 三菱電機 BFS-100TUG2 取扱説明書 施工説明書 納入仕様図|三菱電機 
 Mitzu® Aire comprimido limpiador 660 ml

◇ ◇ ◇

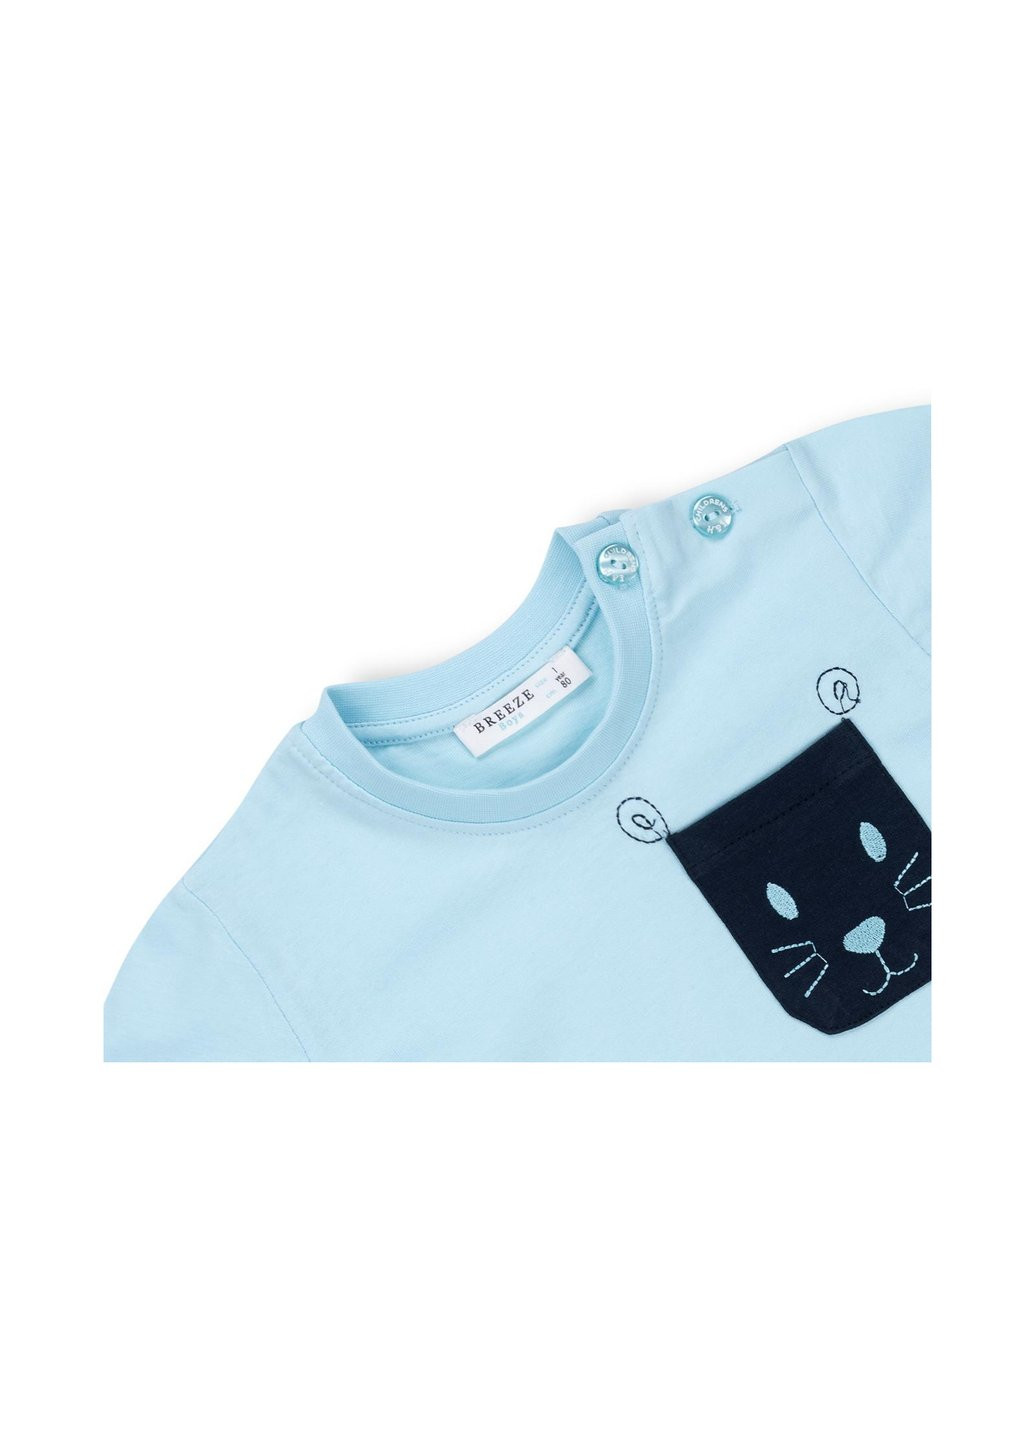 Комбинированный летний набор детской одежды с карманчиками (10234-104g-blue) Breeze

◇ ◇ ◇

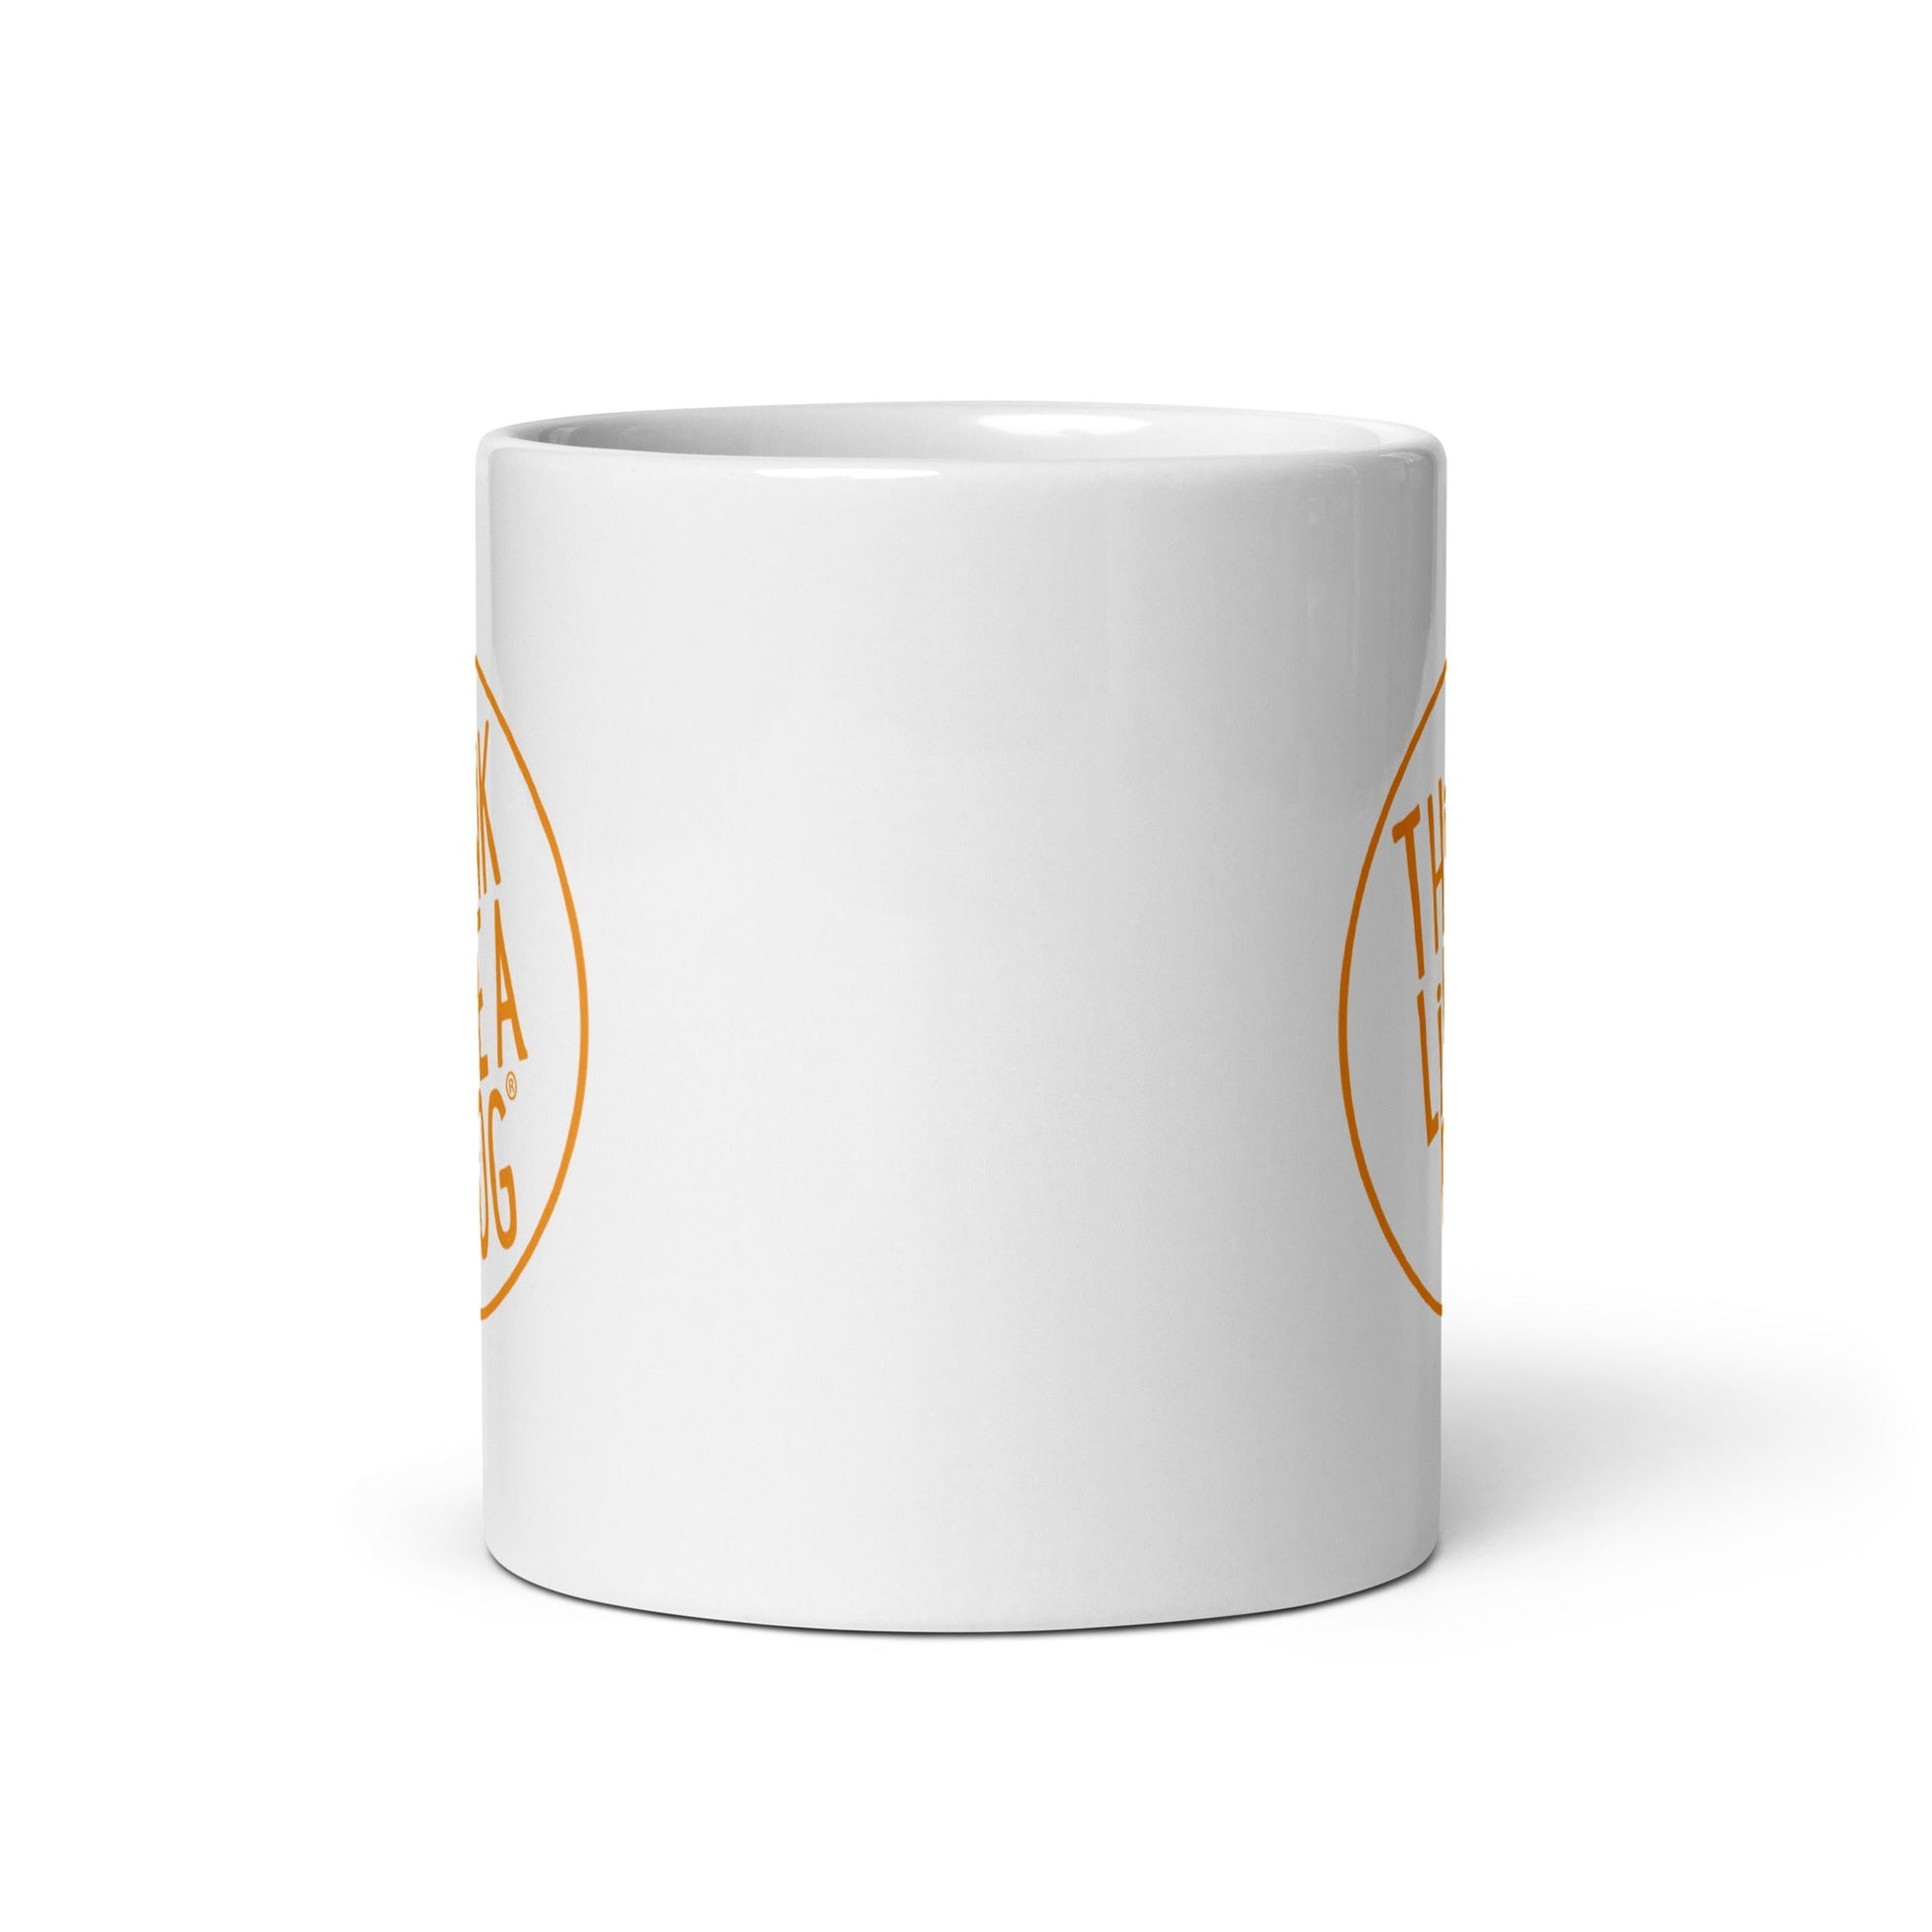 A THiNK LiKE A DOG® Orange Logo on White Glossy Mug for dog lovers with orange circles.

◇ ◇ ◇

- **Assignment**:
Would you please write out, exactly and with no other lines, the stretch of the listing above from the line containing "三菱電機 BFS-100TUG2 取扱説明書 施工説明書 納入仕様図|三菱電機" through the line containing "Mitzu® Aire comprimido limpiador 660 ml"?

- **Answer to the exercise**:
 三菱電機 BFS-100TUG2 取扱説明書 施工説明書 納入仕様図|三菱電機 
 Mitzu® Aire comprimido limpiador 660 ml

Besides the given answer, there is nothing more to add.